14th Attorney General for Bangladesh
- In office 20 July 2008 – 12 January 2009
- Appointed by: Iajuddin Ahmed
- President: Iajuddin Ahmed
- Preceded by: Fida M. Kamal
- Succeeded by: Mahbubey Alam

Personal details
- Born: 1947 or 1948
- Died: 21 September 2025 (aged 77) Dhaka, Bangladesh
- Education: University of London Columbia Law School
- Occupation: Jurist

= Salahuddin Ahmad =

Bangladeshi politician (1947 or 1948 – 2025)

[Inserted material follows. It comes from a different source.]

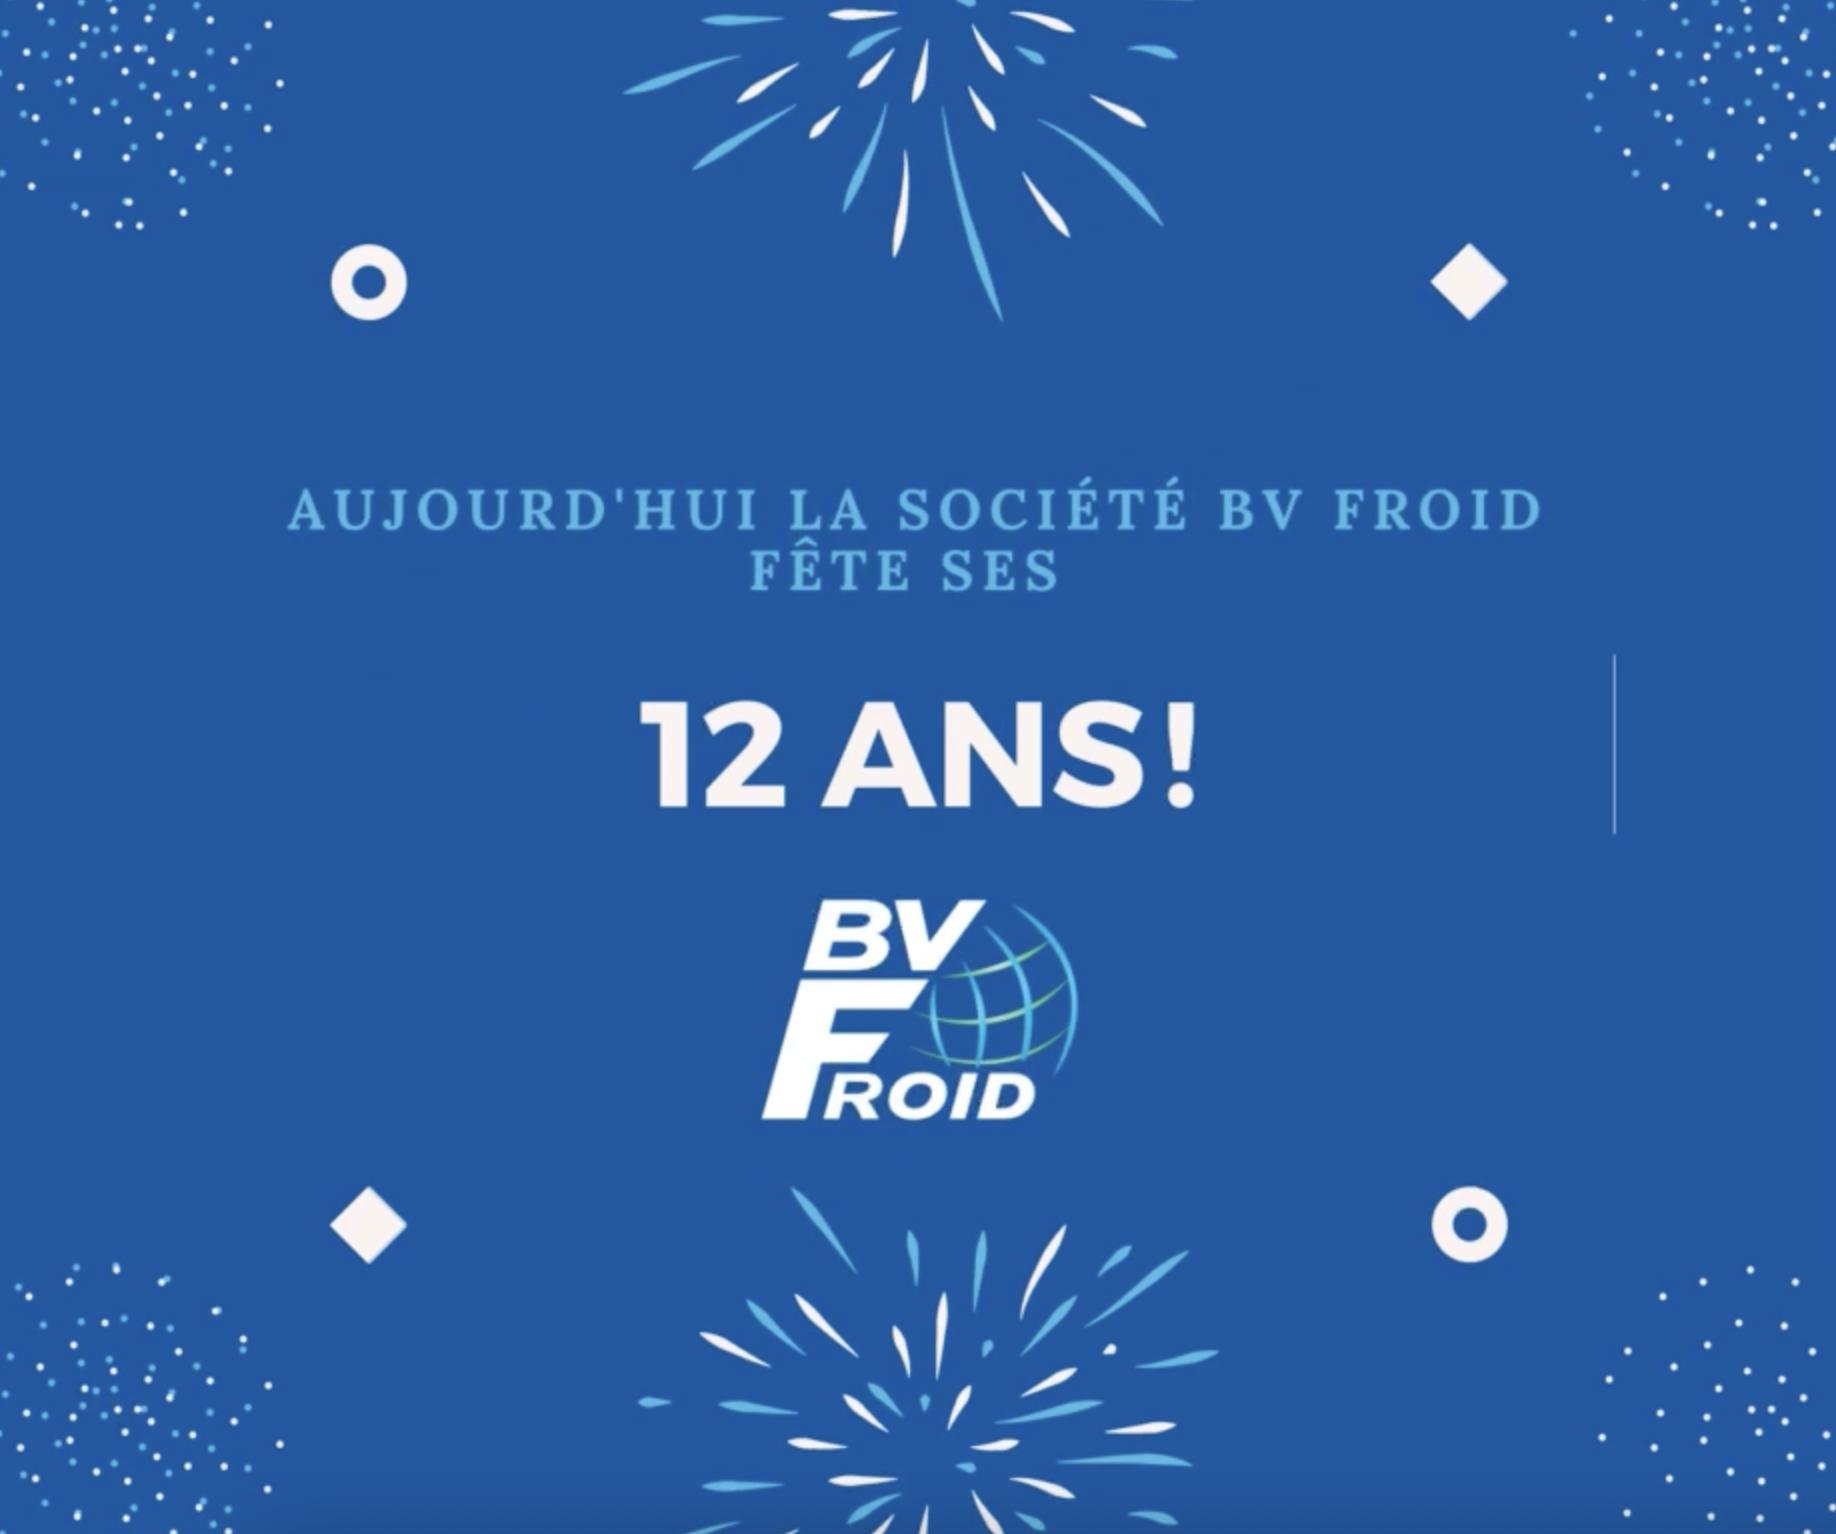 BV Froid fête ses 12 ans

Salahuddin Ahmad (1947 or 1948 – 21 September 2025) was a Bangladeshi jurist, the Attorney General for Bangladesh from 13 July 2008 to 12 January 2009, and a prominent practicing lawyer of the Supreme Court of Bangladesh. Ahmad was appointed after Fida M. Kamal, the then attorney general, resigned from his office in the wake of a series of disagreements with the government over a number of issues.

==Life and career==
After the Grand Alliance led by Awami League leader Sheikh Hasina formed a new government on 6 January 2009, Salahuddin Ahmad submitted his "resignation to the law minister in line with the tradition that the attorney general resigns after a new government takes over". Ahmad has been replaced by Mahbub-e Alam.

Ahmad completed his BSc in economics from London School of Economics in 1969; MA from University of London in 1970, and LL.M from Columbia Law School in 1984.

He taught economics at University of Dhaka in the 1970s. He was appointed as an assistant professor at the Department of Economics, University of Dhaka as assistant professor and taught there for a number of years. Later, he also taught at IBA of DU and had worked for UNDP before switching to legal profession. He has been associated with Kamal Hossain & Associates.

Ahmad was appointed the director of the School of Law at the University of Asia Pacific for two years in the year 2018. He taught several modules in both the Bachelor of Laws and Master of Laws level.

Ahmad died on 21 September 2025, at the age of 77.